Low-frequency sonication is known to generate extreme cavitational conditions as compared to high frequency, which could be favorable for better extraction yield under optimum conditions. As low-frequency ultrasound exhibits a stronger sonophysical effect compared to high frequency, the reported data indicated an enhancement in substrate porosity and better mass transfer rate for the frequency range of 20–100 kHz. Dong et al. [8] observed a better yield of salvianolic acid B from Salvia miltiorrhiza root under 28 and 45 kHz frequency as compared to 100 kHz. González- Centeno et al. [80] suggested 40 kHz be the most effective during the extraction of phenolics from grape pomace as compared to 80 and 120 kHz. Comparatively better extraction yield was reported for the frequency range of 20–40 kHz. Overall, even though low frequency has demonstrated better extract yield, but the specific frequency is substrate dependent. Hence, the effect of cavitation on the extraction efficiency depends upon numerous intrinsic characteristics, such as ultrasound frequency, intensity, temperature, HC pressure and the properties of mediums, such as viscosity.

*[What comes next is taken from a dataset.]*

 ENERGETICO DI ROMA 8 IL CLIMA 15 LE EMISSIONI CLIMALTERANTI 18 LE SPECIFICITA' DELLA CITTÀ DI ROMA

5. Novel Combined Extraction Techniques

The combination of novel extraction technologies has been observed to bring synergistic extraction yield compared to employing individual processes. Considering ultrasound, it can be suitably coupled with microwave (MW), supercritical fluid or enzymes to assist extraction in order to enhance the process efficiency.

5.1. Cavitation and Microwave Assisted Extraction

Two novel promising techniques, such as a microwave (MW) and ultrasound (US) can be combined for better extraction yield and energy efficiency. Microwaves can only be beneficial for selective materials corresponding to the presence of polar components, but the introduction of ultrasound can generate intense agitation and overall modification of the matrix surface. Both extraction techniques can be either operated as single reactor configuration or via two separately connected reactors, which can be operated simultaneously or one by one. The combined US-MW extraction of pectin from Pomelo peels [81], resulted in a 38% recovery within just 33.94 min as compared to 14.25% during only US extraction. Highest pectin yield was obtained for the sequential order of US-MW rather than MW-US treatment, and among the optimized parameters, pH played a significant role in deciding better yield. US-MW extraction has demonstrated to enhance the yield of oligosaccharides by 76.59%, 17.47% and 27.21%, respectively, as well as a substantial decline in the extraction time by 12.18, 8.92, and 1.16 times, respectively, compared to hot water extraction, UAE and MW [82]. Lu et al. [83] reported ionic liquid-based US-MW extraction of anthraquinones from rhubarb, which demonstrated better efficiency as compared to employing individual techniques (ultrasound, microwave, and heat-reflux extraction). The combined US-MW approach exhibited higher efficiency (18.90–24.40%) and shorter extraction time (6 h to 2 min) than individually employing them. Table 3 lists UAE based combined methods for natural products extraction.
Combined NPC-MW was used for the extraction of phenolic compounds (arbutin, hyperin, catechin, epicatechin, chimaphilin) from Pyrola (P. calliantha), following the selection of 1-butyl-3-methylimidazolium tetrafluoroborate as an appropriate extraction solvent [68]. The coupled technique showed higher extraction yield within a shorter duration than MW or NPC alone. Another report on NPC/MW coupled method for the extraction of hyperin and chimaphilin from Pyrola (Pyrola incarnata Fisch.) demonstrated 1.43 and 1.28-folds higher extraction yield than NPC and MW methods respectively [66].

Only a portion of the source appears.